Free Market Follies
Markets are dropping all over the world. An interesting article about the banker's guilt is Will the Big Banks Collapse Here is just a portion of an interesting synopsis:
Through a complex combination of government-licensed monopoly (Federal Reserve System), implied government safety nets for mortgage investors (Fannie Mae and Freddy Mac), creative finance (asset-backed securities), and credit-rating services that were either stunningly naive or compensated in ways not beneficial to objective analysis, brokers marketed a series of high-commission, fast-sale investment packages that sold like hotcakes until August, 2007. Then, without warning, they stopped selling.
These packages had sold all over the world. European banks got in on the action, marketing these investment packages to their clients.

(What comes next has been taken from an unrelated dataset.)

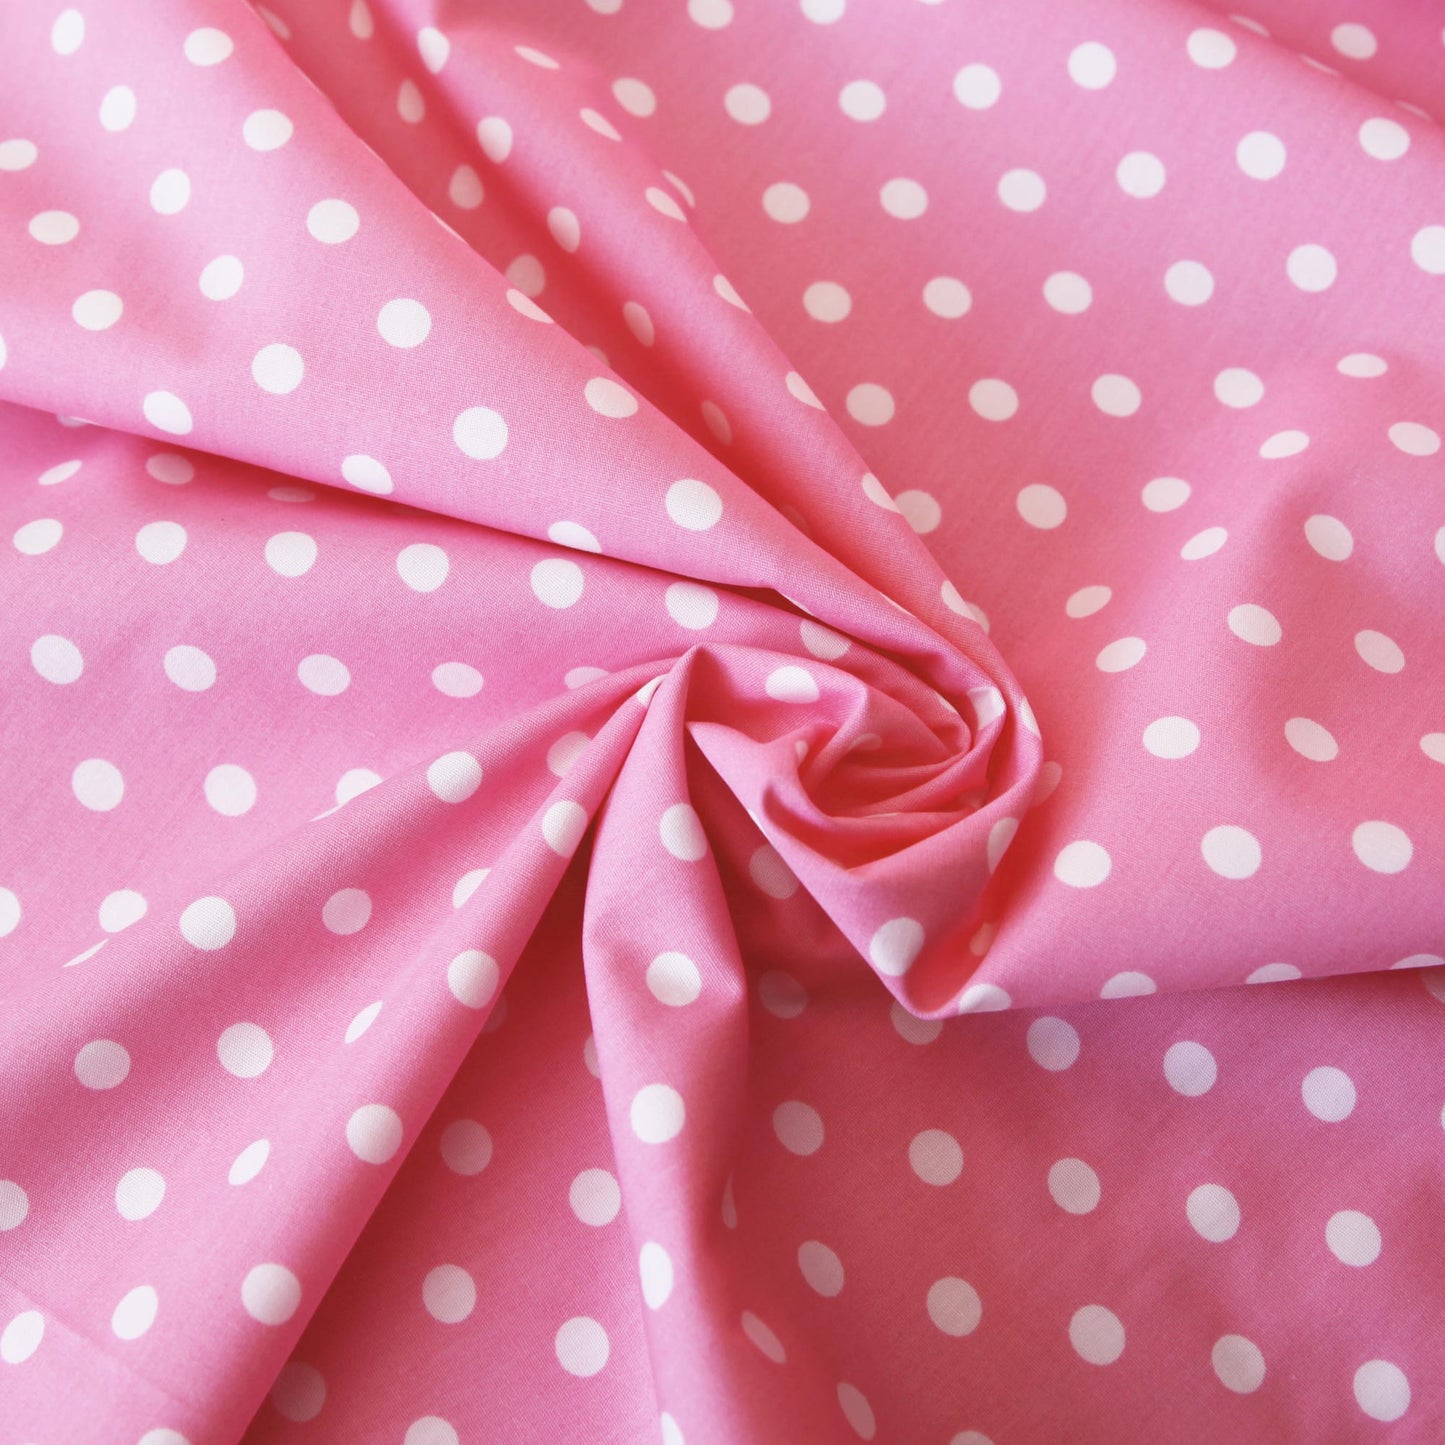 Baumwollstoff mit Punkten / Popeline " 1 cm weiße Dots auf rosa" - Patchwork 100% Baumwolle babyrosa - Stoffe Kudellino

Americans have seen all this before: the savings and loan crisis of the 1980's. The S&L's were borrowed short (depositors) and lent long (home buyers). Then the rules changed. The government in 1980 abolished Regulation Q, which had limited the rate of interest that banks and S&L's could pay to depositors. A rate war began.

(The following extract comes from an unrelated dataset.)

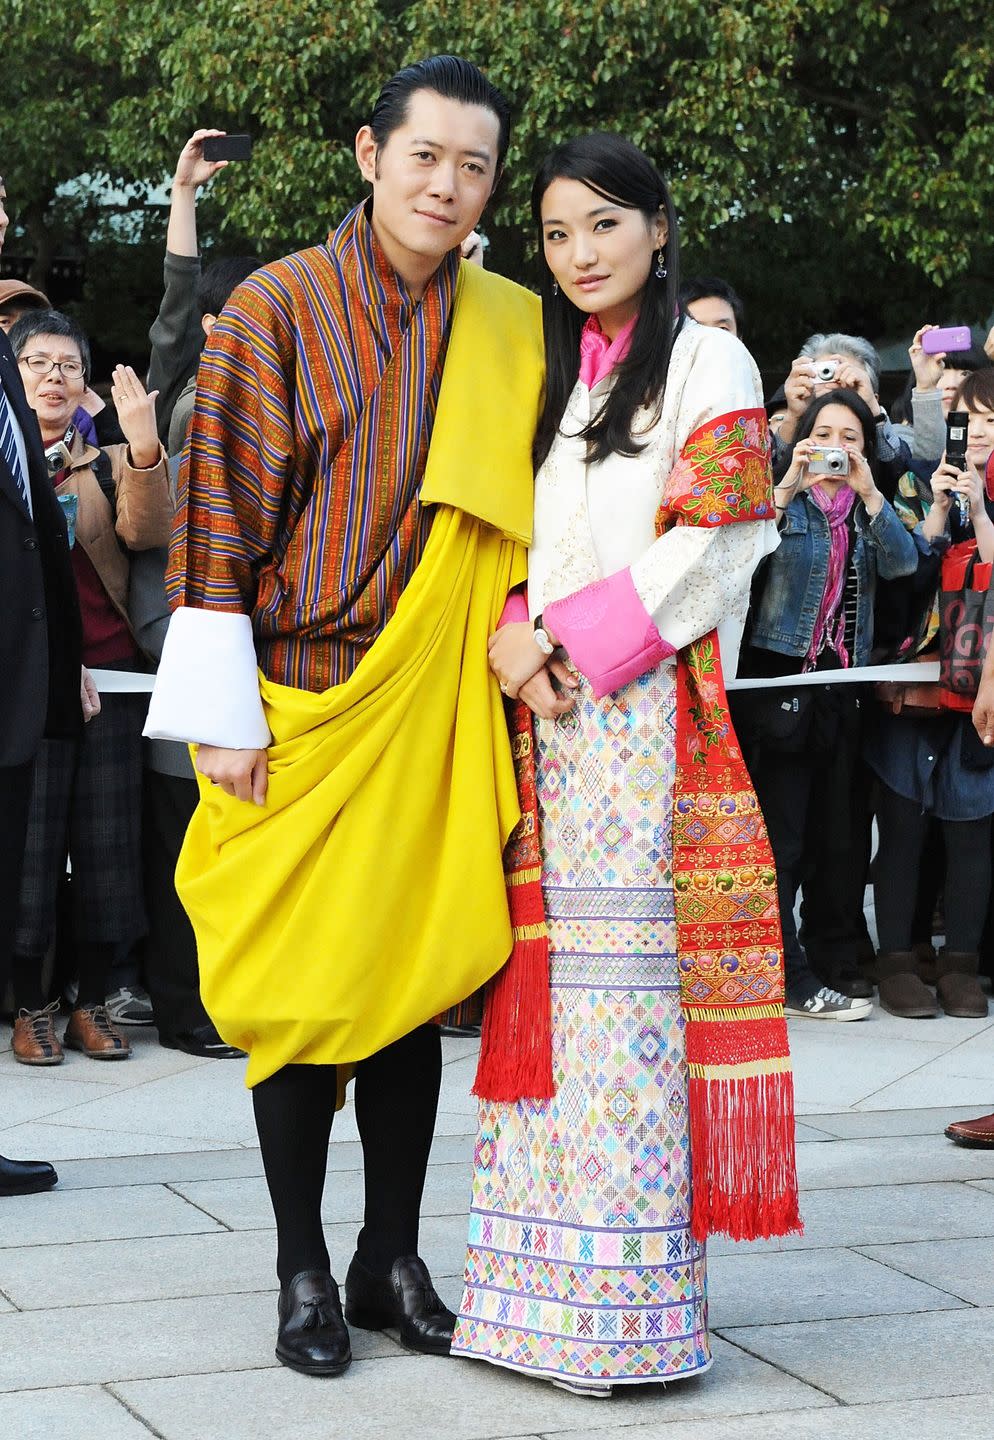 king and queen of bhutan visit japan

That was the test of the mortgage carry trade. The system failed. We are now in the midst of another similar test. It is much larger. It is worldwide. It is affecting capital markets that were once far-removed from mortgages.
You have heard of NINJA loans: no income, no job or assets. These were loans made by local mortgage brokers to first-time home buyers. Poor people were offered loans at rates far lower than conventional loans. The brokers told the prospective debtors that they could re-finance later to get long-term loans. This was not put in writing, and so it cannot be proven. But everyone in the industry knew it was being done. Therein lies the trap for America's largest banks. "Everyone knew."

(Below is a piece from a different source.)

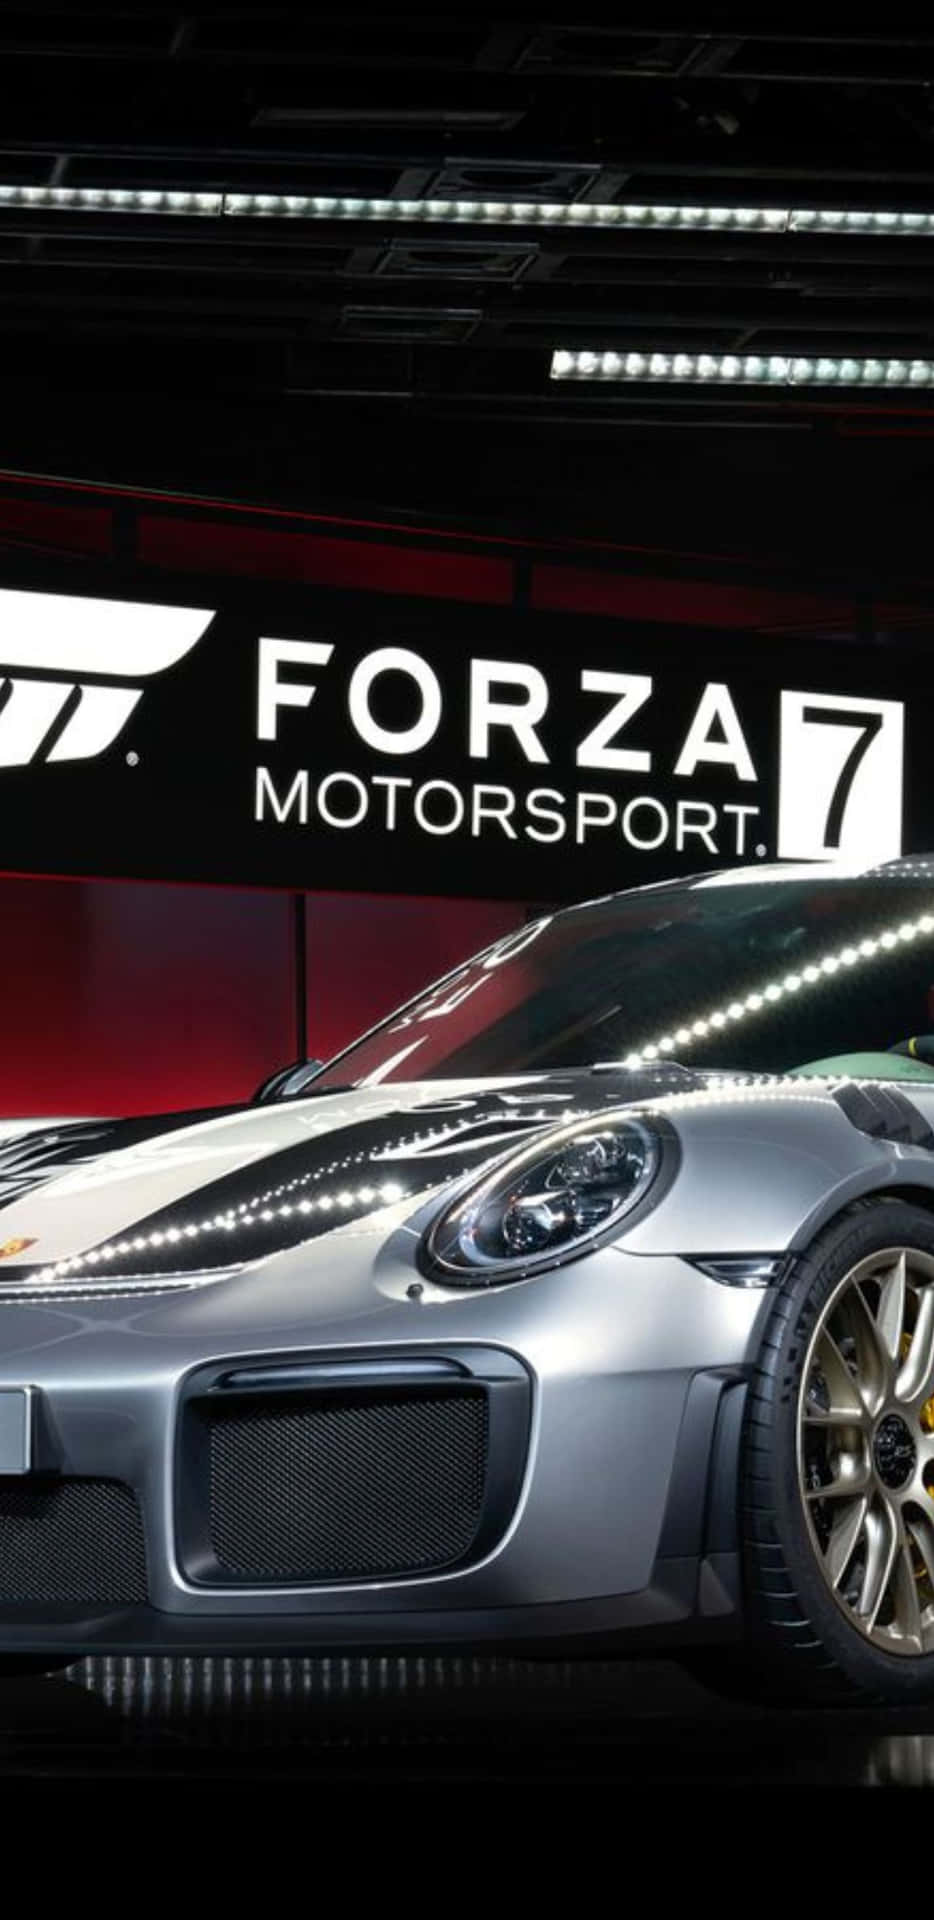 Elnuevo Pixel 3xl Viene Cargado De Energía Con Forza Motorsport 7 Para Una Experiencia De Juego Revolucionaria.

The ticking time bomb in the U.S. banking system is not resetting subprime mortgage rates. The real problem is the contractual ability of investors in mortgage bonds to require banks to buy back the loans at face value if there was fraud in the origination process.
And, to be sure, fraud is everywhere. It's in the loan application documents, and it's in the appraisals. There are e-mails and memos floating around showing that many people in banks, investment banks and appraisal companies - all the way up to senior management - knew about it.
That is the supposed key to the prosecution: "Everyone knew." If everyone knew, then defrauded investors have a legal case. Anyway, they would have a case if they were not trying to collect from the real masters of America, the multinational banks.
When a criminal conspiracy acts in a criminal fashion, it can be prosecuted. But when a criminal conspiracy has been licensed by the government, and has de facto run the government of every major nation for a century, it will be difficult to get a conviction. None dare call it criminal.
In both cases, we had free market cheerleaders for Presidents. And both believed in government intervention when their suit and tie fraudsters wrecked. Where is the philosophy that the free market will solve all problems? Of course, these law and order authoritarian freaks think that it is only the peasants that need policing. They might have to release all the drug users who never harmed anyone to make room for the liars and cheats who can watch time creep on their Rolex's.
I once read an article on the depression years and the author said that in the wild 20's, absolutely everyone put their money into the stock market, even the shoeshine boys. Seems we never learn that the big boys are not our friends.
1 Comments:
At 7:03 PM, Anonymous said…
They're certainly not our friends. All they want is our last dime. Of course, when they get it, consumerism dries up and they suffer. Greed has to tread a fine line, one that is frequently crossed, with results such as we are seeing today.